* _Problem description_: Please write out exactly, and only, the lines from the first in the material below to the line containing "CBU: Colombia: espacio, tiempo, diferencia- Cider", both included.

* _Data for analysis_:
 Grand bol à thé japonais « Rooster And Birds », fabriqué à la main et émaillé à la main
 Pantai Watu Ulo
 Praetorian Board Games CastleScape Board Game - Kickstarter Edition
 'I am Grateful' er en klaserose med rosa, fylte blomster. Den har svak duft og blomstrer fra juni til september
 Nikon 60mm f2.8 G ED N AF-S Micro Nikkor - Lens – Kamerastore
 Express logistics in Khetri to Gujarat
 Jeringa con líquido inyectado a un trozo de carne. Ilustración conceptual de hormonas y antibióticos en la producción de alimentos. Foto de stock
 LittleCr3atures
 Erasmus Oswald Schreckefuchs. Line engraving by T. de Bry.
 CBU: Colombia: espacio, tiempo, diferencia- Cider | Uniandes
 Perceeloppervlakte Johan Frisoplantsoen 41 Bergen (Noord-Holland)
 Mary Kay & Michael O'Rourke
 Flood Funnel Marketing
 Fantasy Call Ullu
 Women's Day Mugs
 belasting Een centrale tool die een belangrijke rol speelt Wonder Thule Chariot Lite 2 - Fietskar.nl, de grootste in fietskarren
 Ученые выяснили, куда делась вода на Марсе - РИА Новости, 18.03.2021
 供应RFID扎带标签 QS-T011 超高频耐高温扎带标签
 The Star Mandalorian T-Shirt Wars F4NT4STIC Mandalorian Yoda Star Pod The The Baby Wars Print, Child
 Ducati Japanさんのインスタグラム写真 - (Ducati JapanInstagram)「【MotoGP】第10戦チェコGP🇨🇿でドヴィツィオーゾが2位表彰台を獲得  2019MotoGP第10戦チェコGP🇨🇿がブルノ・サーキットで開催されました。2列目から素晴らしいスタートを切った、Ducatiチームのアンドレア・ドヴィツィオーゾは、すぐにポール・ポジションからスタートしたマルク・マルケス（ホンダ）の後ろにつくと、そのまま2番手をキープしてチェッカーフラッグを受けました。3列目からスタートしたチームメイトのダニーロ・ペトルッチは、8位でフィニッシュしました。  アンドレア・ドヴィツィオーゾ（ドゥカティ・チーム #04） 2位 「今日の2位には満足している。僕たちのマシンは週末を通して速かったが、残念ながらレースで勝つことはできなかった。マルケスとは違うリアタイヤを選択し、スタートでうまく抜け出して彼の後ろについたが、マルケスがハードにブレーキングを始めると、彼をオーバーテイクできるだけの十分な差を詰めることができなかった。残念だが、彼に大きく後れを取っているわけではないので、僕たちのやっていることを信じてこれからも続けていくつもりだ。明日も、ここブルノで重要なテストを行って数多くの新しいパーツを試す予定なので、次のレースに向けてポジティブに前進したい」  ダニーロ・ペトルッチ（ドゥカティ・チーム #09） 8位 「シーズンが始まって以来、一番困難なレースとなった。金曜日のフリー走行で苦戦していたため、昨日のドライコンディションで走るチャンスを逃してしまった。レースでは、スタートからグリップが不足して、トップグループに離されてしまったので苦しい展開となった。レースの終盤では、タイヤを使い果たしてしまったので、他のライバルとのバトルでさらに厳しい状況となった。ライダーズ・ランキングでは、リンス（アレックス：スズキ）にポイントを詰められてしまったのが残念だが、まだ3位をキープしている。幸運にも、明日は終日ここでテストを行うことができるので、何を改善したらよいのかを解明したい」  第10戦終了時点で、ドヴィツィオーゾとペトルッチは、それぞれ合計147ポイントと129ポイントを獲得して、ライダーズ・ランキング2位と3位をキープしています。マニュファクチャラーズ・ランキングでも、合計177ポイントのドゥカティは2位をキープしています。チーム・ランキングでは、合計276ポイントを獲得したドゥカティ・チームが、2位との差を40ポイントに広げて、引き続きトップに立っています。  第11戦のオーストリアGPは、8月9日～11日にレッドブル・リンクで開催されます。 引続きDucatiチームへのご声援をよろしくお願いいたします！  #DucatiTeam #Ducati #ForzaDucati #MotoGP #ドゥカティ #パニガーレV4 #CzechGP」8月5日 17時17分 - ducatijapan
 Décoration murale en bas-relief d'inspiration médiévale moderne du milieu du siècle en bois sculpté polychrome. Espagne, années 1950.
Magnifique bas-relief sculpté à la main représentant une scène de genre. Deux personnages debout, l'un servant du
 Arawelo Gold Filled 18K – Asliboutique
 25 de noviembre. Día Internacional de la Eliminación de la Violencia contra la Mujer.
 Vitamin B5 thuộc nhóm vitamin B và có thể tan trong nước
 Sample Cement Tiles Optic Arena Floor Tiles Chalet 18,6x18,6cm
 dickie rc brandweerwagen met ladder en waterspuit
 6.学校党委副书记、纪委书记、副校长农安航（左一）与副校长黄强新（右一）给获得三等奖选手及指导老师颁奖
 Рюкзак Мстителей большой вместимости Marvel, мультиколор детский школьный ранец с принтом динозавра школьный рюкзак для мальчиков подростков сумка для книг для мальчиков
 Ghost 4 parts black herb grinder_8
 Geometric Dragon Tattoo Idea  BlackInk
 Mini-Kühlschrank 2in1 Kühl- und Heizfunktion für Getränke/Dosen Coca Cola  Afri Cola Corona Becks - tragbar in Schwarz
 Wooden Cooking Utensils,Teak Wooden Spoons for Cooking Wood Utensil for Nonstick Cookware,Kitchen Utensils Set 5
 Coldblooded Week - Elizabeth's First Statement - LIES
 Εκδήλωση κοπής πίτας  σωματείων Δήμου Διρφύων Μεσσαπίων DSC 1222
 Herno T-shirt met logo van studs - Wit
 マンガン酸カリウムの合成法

* _The answer_:
 Grand bol à thé japonais « Rooster And Birds », fabriqué à la main et émaillé à la main
 Pantai Watu Ulo
 Praetorian Board Games CastleScape Board Game - Kickstarter Edition
 'I am Grateful' er en klaserose med rosa, fylte blomster. Den har svak duft og blomstrer fra juni til september
 Nikon 60mm f2.8 G ED N AF-S Micro Nikkor - Lens – Kamerastore
 Express logistics in Khetri to Gujarat
 Jeringa con líquido inyectado a un trozo de carne. Ilustración conceptual de hormonas y antibióticos en la producción de alimentos. Foto de stock
 LittleCr3atures
 Erasmus Oswald Schreckefuchs. Line engraving by T. de Bry.
 CBU: Colombia: espacio, tiempo, diferencia- Cider | Uniandes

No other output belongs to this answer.